4 This requirement of collegial action is confirmed by the Rules of this Court and by this Court’s prior decisions and practices. Rules 50 and 51 govern the in chambers practices of the Court. Rule 50 (5) provides that, when one Justice denies an application made to him, the party who has made the unsuccessful application may renew it to any other Justice. It was pursuant to this Rule that application for the stay in this case was made to me. But neither Rule 50 nor Rule 51 authorizes a party, once a stay has been granted, to contest that action before another individual Justice.

The Court has <doubt together in Special Term before stays granted by an individual Justice out of Term could be overturned. In Rosenberg v. United States, 346 U. S. 273, the full Court felt constrained to consider its power to vacate a stay issued by an individual Justice, finally resting that power on the Court’s position—as a body—as final interpreter of the law:

“We turn next to a consideration of our power to decide, in this proceeding, the question preserved by the stay. It is true that the full Court has made no practice of vacating stays issued by single Justices, although it has entertained motions for such relief. But reference to this practice does not prove the nonexistence of the power; it only demonstrates that the circumstances must be unusual before the Court, in its discretion, will exercise its power.

“The power which we exercise in this case derives from this Court’s role as the final forum to render the ultimate answer to the question which was preserved by the stay.

“…[T]he reasons for refusing, as a matter of practice, to vacate stays issued by single Justices are obvious enough.

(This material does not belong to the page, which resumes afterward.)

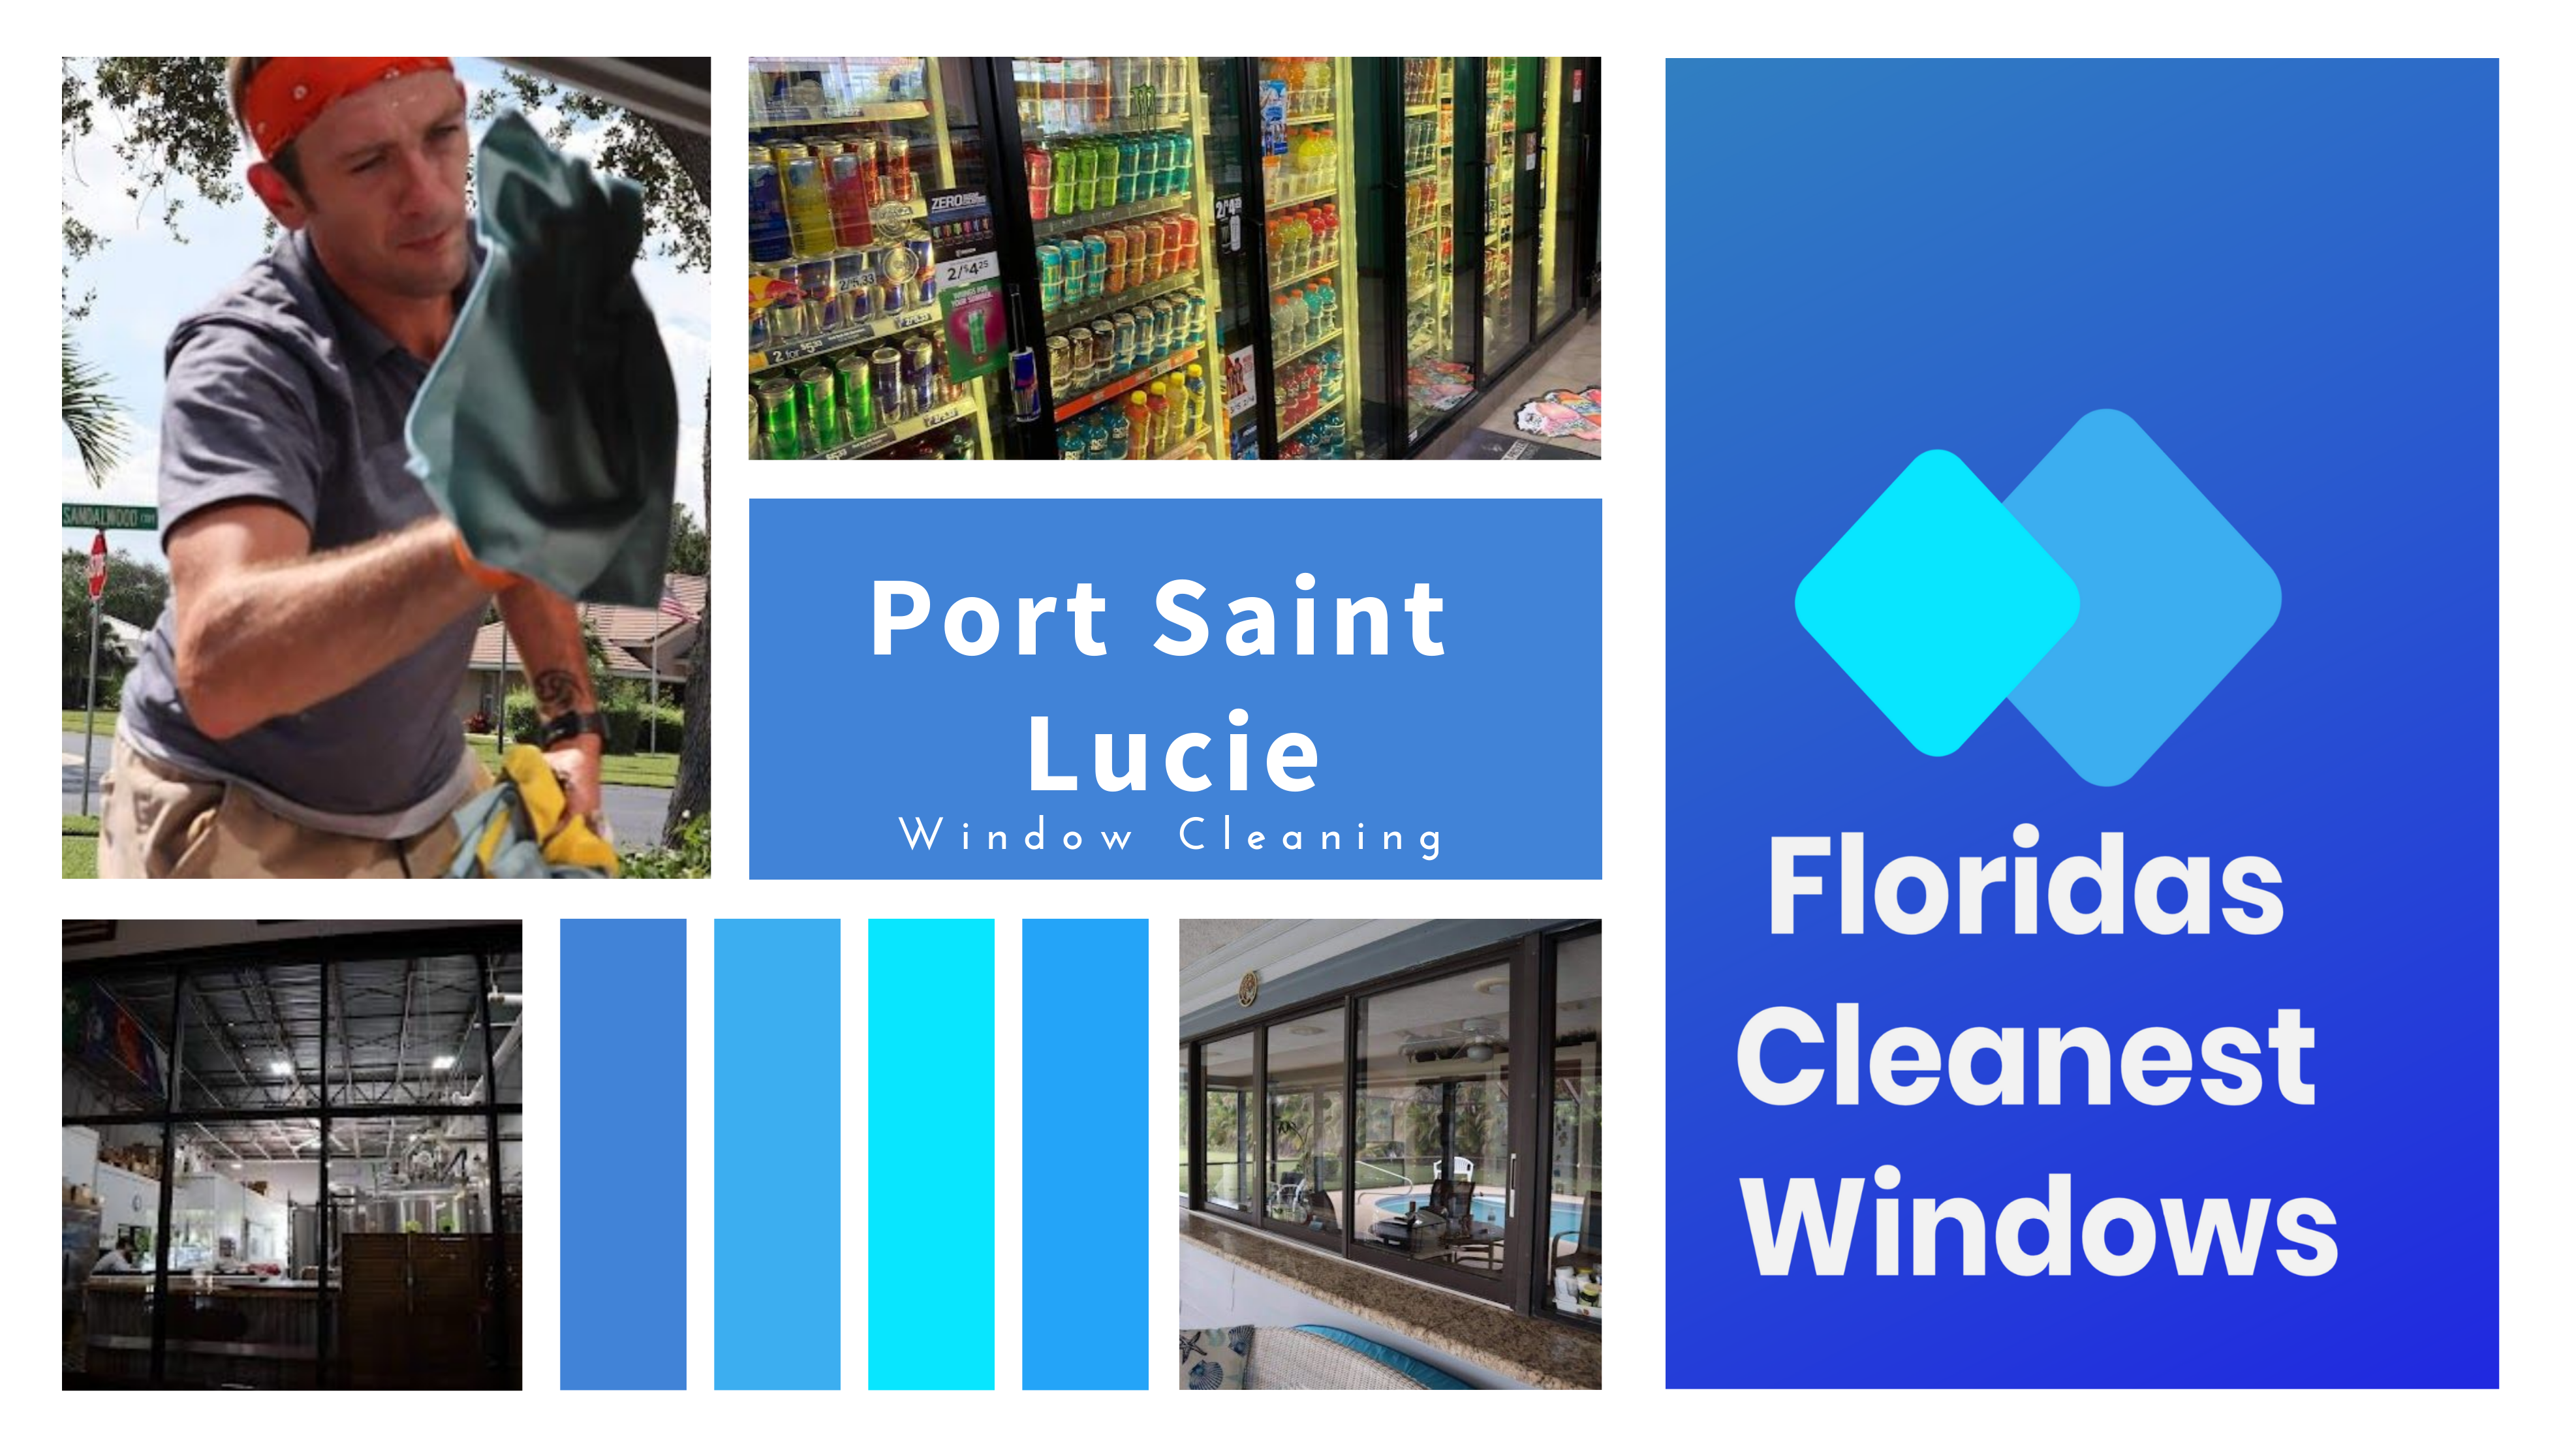 Floridas Cleanest Windows

Ordinarily the stays of individual Justices should stand until the grounds upon which they have issued can be reviewed through regular appellate processes.

“In this case, however, we deemed it proper and necessary to convene the Court to consider the Attorney General’s urgent application.” 346 U. S., at 286-287 (footnote omitted).

Finally, it is our procedure during a Term of Court to take an application that has already been denied or acted upon by one of the Justices to the entire Court upon an application made by the opposing side, so that the entire Court can act and thus prevent “shopping around.” That course is not possible during recess when the Justices are scattered around the country and throughout the world. There-fore it has been my practice if I grant a stay during recess to make that stay effective only until the Court convenes in October. This course could not be followed in the instant case because after August 15. 1973, the case will be moot.